Sébastien : Donc le premier épisode, on l’a enregistré au début du mois d’octobre. À ce moment-là, on se posait plusieurs questions. Aujourd’hui, on a plusieurs réponses. On n’a pas toutes les réponses, mais quand même, on va pouvoir faire un tour sommaire. Donc premièrement, si on entre dans le vif du sujet, Alex, je te poserais la question suivante : « Quelles ont été, selon toi, les plus grandes surprises le soir de l’élection, si on parle autant de l’économie que des marchés financiers? »

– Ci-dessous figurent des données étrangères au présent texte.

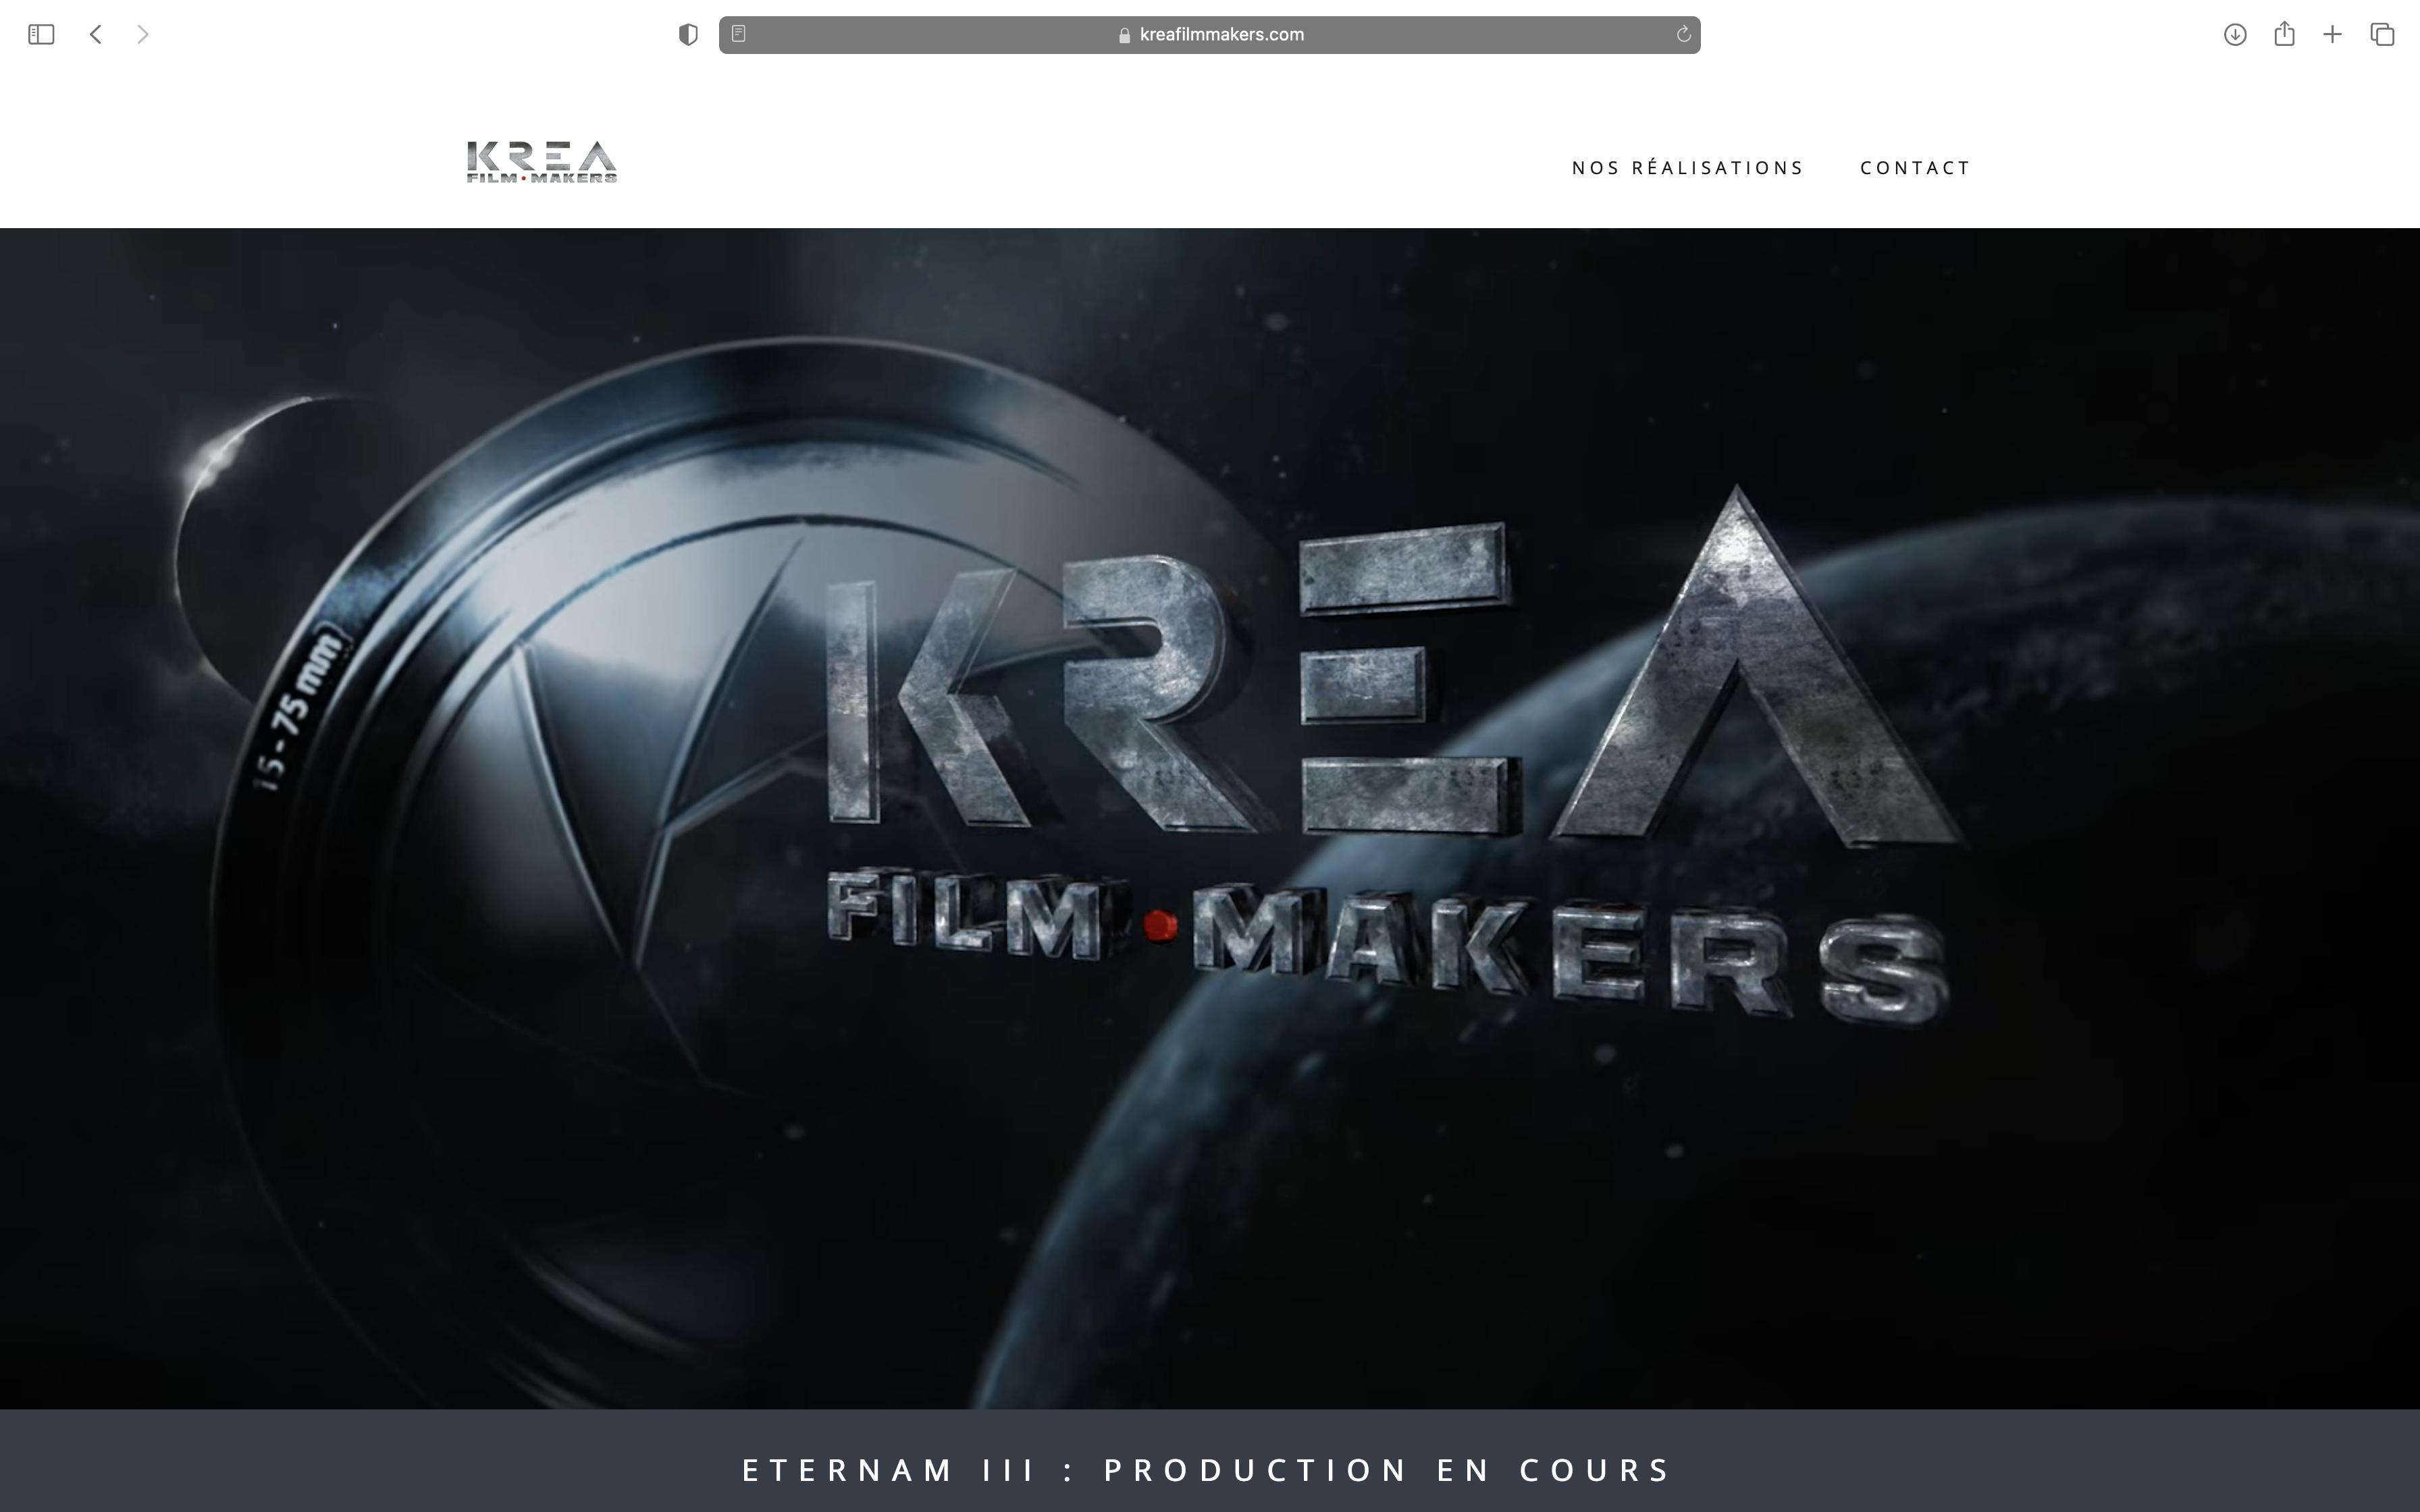 KREA FILM-MAKERS

Alex : Pour moi, la plus grosse surprise, ça a été l’heure à laquelle je me suis couché le soir de l’élection. Je pensais me coucher à 4 heures du matin. Finalement, je me suis couché à 23 h tellement la marge de la victoire avait été favorable à Trump et tellement il y avait un balayage républicain partout à travers le pays. Si on regarde dans les semaines qui avaient précédé l’élection, et même nous, dans notre conversation du mois d’octobre, Sébastien, quand on parlait des probabilités relatives de Kamala Harris puis de Donald Trump de remporter l’élection, on penchait peut-être un petit peu du côté de Trump, mais c’était relativement 50 sur 50 en général, à notre avis. Puis je pense que c’était le cas pour la plupart des participants dans les marchés financiers. Le soir même de l’élection, c’est devenu évident très rapidement que ce n’était pas du tout ça qui était en train de se produire. Carrément, chaque région, chaque État, chaque comté des États-Unis avait vraiment une vague républicaine, penchait du côté républicain par rapport à l’élection présidentielle de 2020 qui avait vu Joe Biden se faire élire. Donc, vraiment, la marge de la victoire puis le balayage républicain qui s’en est ensuit a été, je dirais, la plus grosse surprise de l’élection. Ensuite, ça, évidemment, ça s’est répercuté dans les marchés. Un peu avant l’élection, dans le mois qui avait précédé l’élection, il y avait déjà un peu de ce mouvement-là qui commençait à être intégré dans les prix des actifs, mais je dirais que ça s’est accéléré le soir même et le lendemain de l’élection où il y a eu des performances sectorielles très différentes entre les secteurs qui bénéficient de l’agenda Trump et de l’agenda républicain et ceux qui en souffrent. Un bon exemple, ce sont les banques aux États-Unis. Trump veut déréglementer le secteur financier. Ça, c’était vu comme étant positif pour les bénéfices des banques. Donc, clairement, c’est un secteur qui en a bénéficié. Le dollar américain a augmenté aussi à cause de ce que le marché a commencé à entrevoir au niveau du commerce international.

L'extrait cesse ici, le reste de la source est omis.